Убийцы

Голос России, № 85, 8 февраля 1938

О том, кто именно убил Тамочку и Колю – не стоит и говорить. Всем понятно. Убили    у б и й ц ы.  Вот те самые, которые убивают друг друга, для которых убийство является и религией, и профессией, и необходимостью, которые вообще не могут жить, не убивая.

Будут ли найдены физические виновники убийства или не будут, это, в сущности, не так уж и важно.  Н а с т о я щ и х  убийц мы знаем и без всякого следствия. И если я восставал против всякой теории эволюции, то, может быть, я был несколько неправ: конечно, эволюция налицо – количество убийств возрастает с каждым днем.

*   *   *

Бомба, принесенная, третьего февраля в редакцию «Голоса России», предназначалась, конечно, для меня. Само собою разумеется, что я не питаю решительно никаких иллюзий насчет того, что это последняя бомба: для товарищей я довольно неудобный человек. Но на этот раз товарищи промахнулись: я пока остался жив. Очередными – и, конечно, не последними жертвам убийц стали – русская женщина Тамара Владимировна Солоневич и русский мальчик Николай Петрович Михайлов. О Коле пишет сейчас Юра – они были большими друзьями. О Тамочке буду писать я – мы были  о ч е н ь  большими друзьями. Рассказ мой, вероятно, будет несколько бессвязен. Мои друзья, вероятно, поймут, что для мало-мальски связного рассказа – сейчас нет никакой возможности…

*   *   *

… Странная вещь: и наша первая встреча с Тамочкой, и наше последнее, самое последнее, с ней прощание – прошли в одной и той же атмосфере борьбы с революцией. В 1914 году – точной даты, конечно, не помню – Тамочка принесла мне в редакцию «Северо-Западной Жизни» в городе Минске свою первую статью. Второго февраля 1938 года она написала свою последнюю статью…

*   *   *

Лев Толстой писал о том, что все счастливые семьи счастливы одинаково, а все несчастливые – несчастливы по-своему. Я с Толстым не согласен почти во всем, – не согласен и с этим. Нет, каждая счастливая семья – счастлива тоже по-своему…

У нас была счастливая семья – теперь ее нет. Она прошла сквозь фантастические испытания и сквозь эти испытания она бы не прошла, ежели бы не фантастическая Тамочкина энергия: она была самым энергичным членом нашей семьи. Без нее – мы бы из России не выбрались – какие мы там ни атлеты…

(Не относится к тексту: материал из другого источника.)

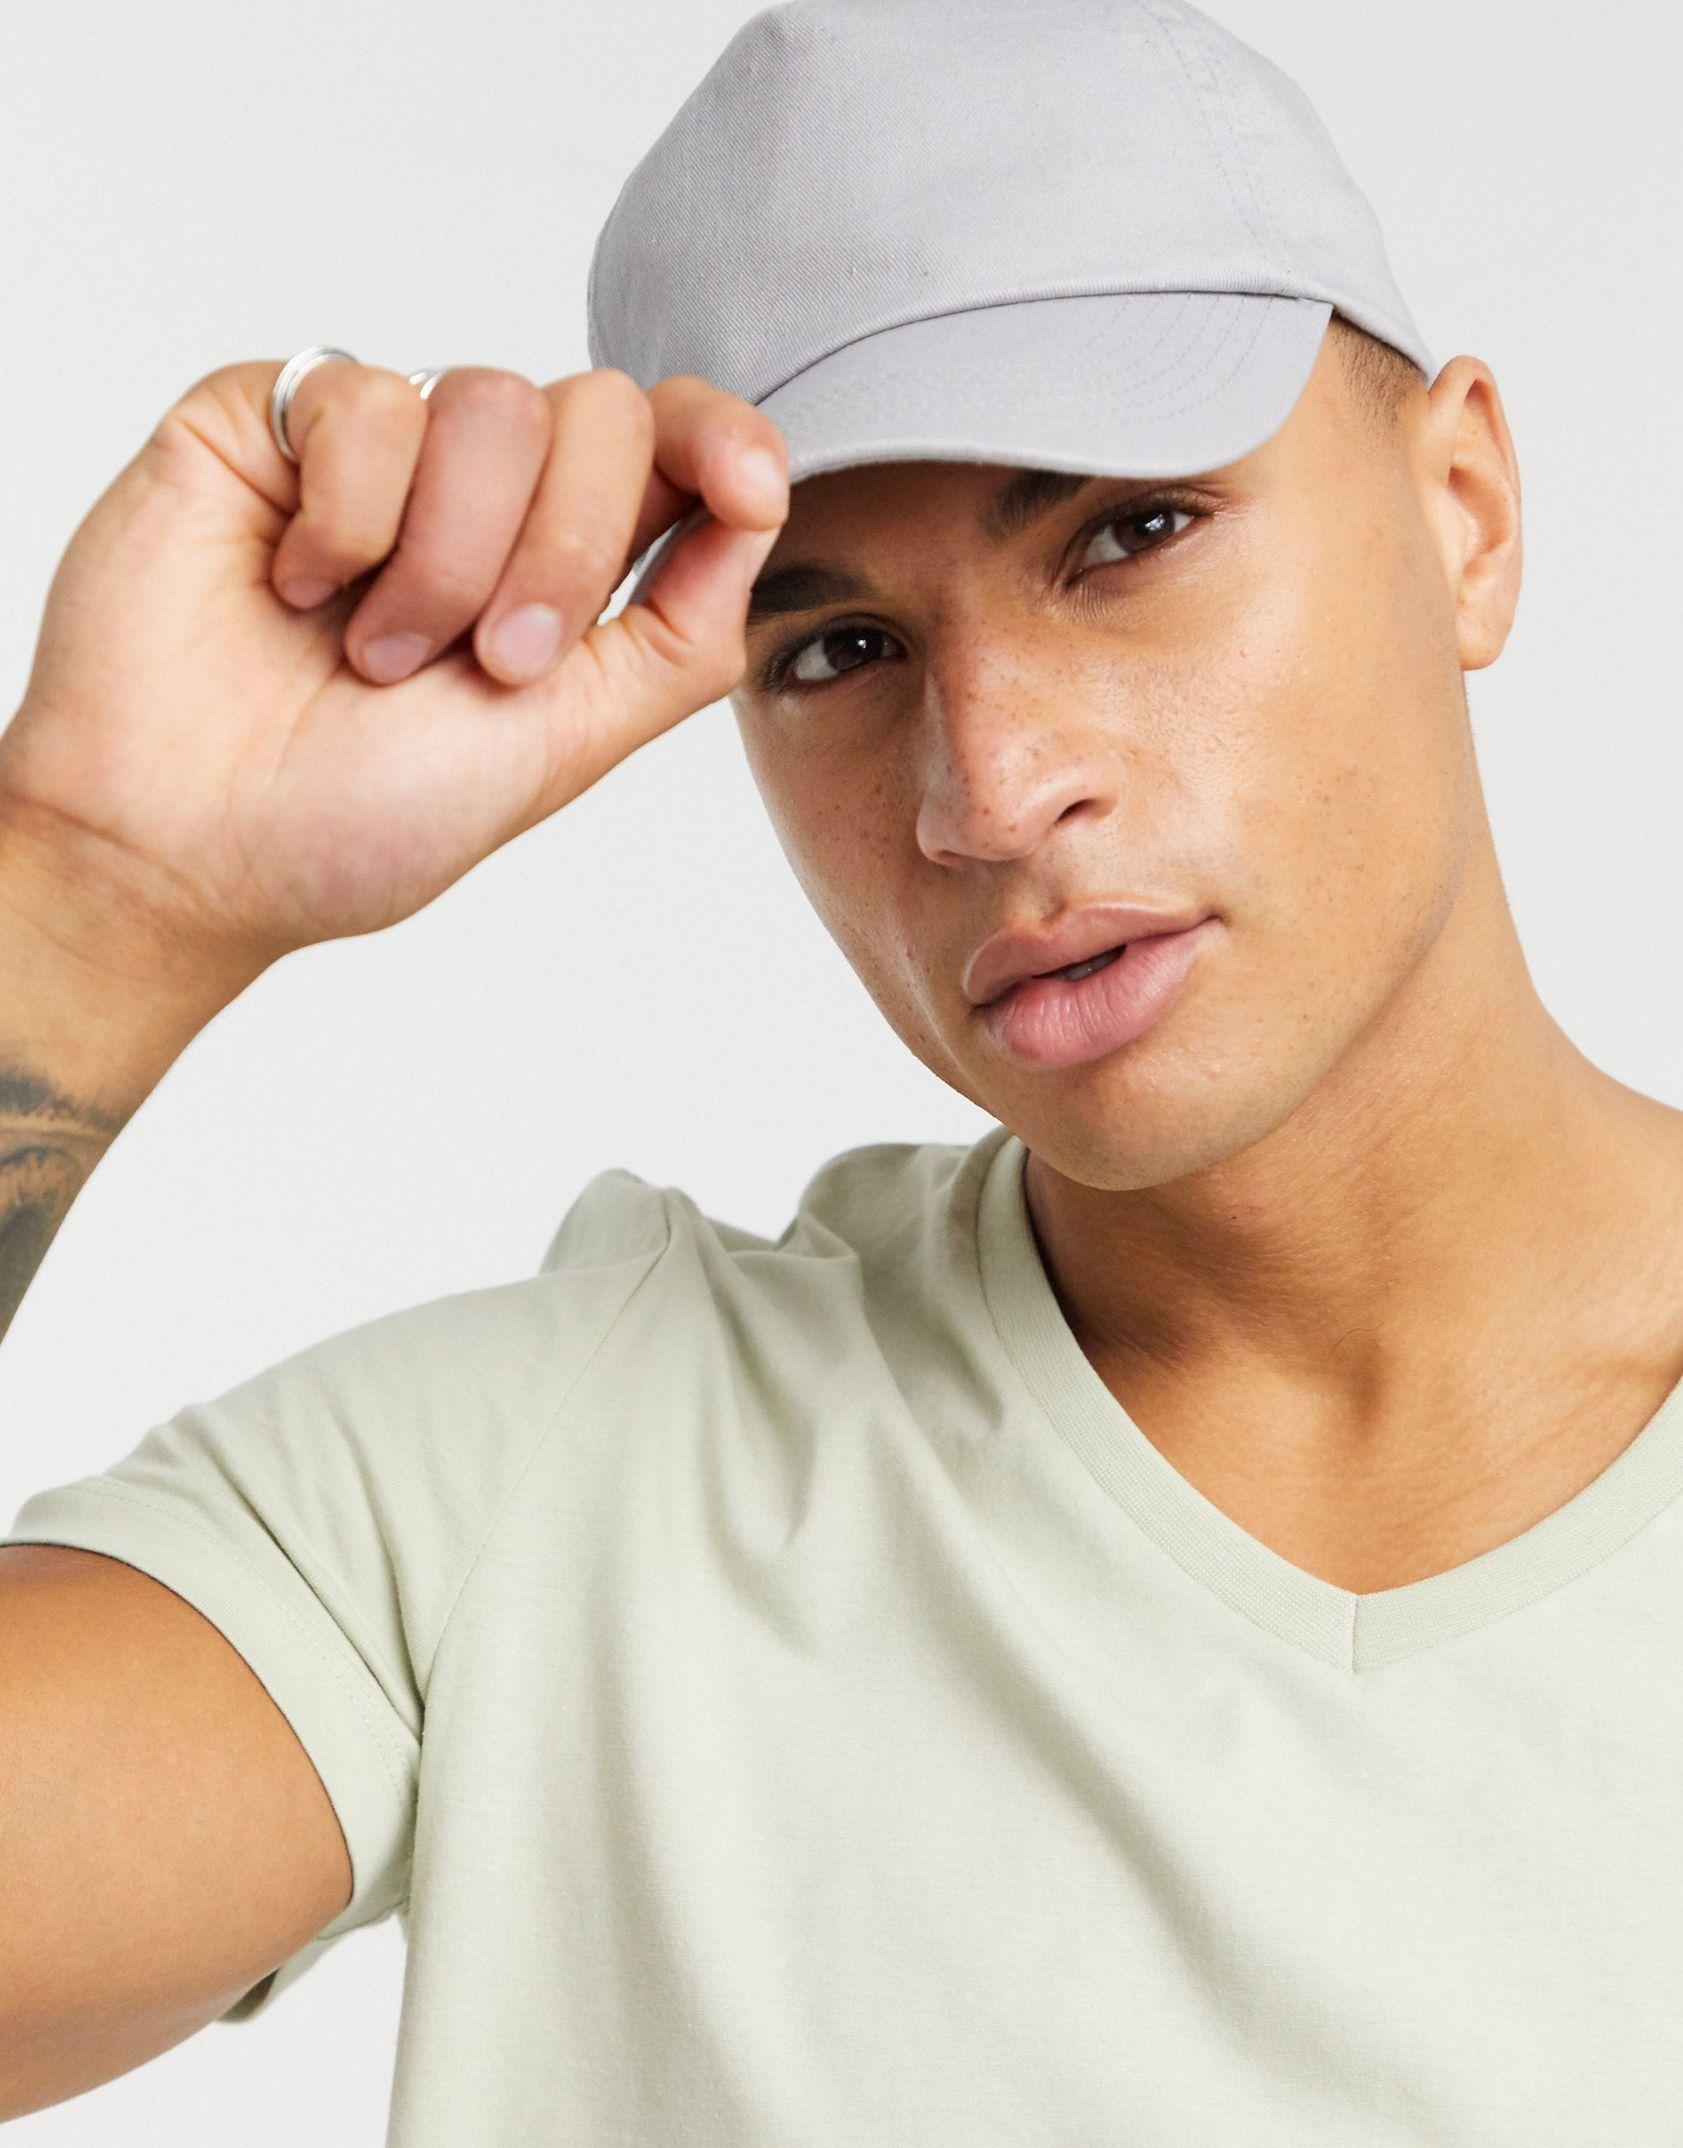 ASOS DESIGN t-shirt with v neck in beige - ASOS Price Checker

Я не хочу возводить вокруг изуродованного адской машиной Тамочкиного личика какого бы то ни было ореола святости. Она не была святой – как и все мы.

… Наш рабочий день начинался так: я обычно встаю около шести утра и сажусь за работу. Тамочка и Юрочка еще спят. Они работают до часу и встают около девяти. Около девяти я пробираюсь в столовую (она же – контора редакции). Из Тамочкиной спальни раздается голосок: «Ватик, это ты?» Одновременно из Юриной комнаты раздается неопределенно провокационный рык. Я беру Тамочку на руки, несу ее через две комнаты и водружаю на Юрочку. Происходит маленькая потасовка, конечно, безнадежная, двух маленьких женских лапок против четырех атлетических мужских лапищ.

Весь последующий день Тамочкины лапки были заняты непрерывной работой. Вся финансово-техническая часть нашей самодельной газеты. Весь день то ее пальчики барабанили по пишущей машинке, то ее каблучки топали по квартире, по почтам, по банкам, в типографию, в экспедицию – по десяткам всяких мелких дел, неизбежно возникающих вокруг крупного дела.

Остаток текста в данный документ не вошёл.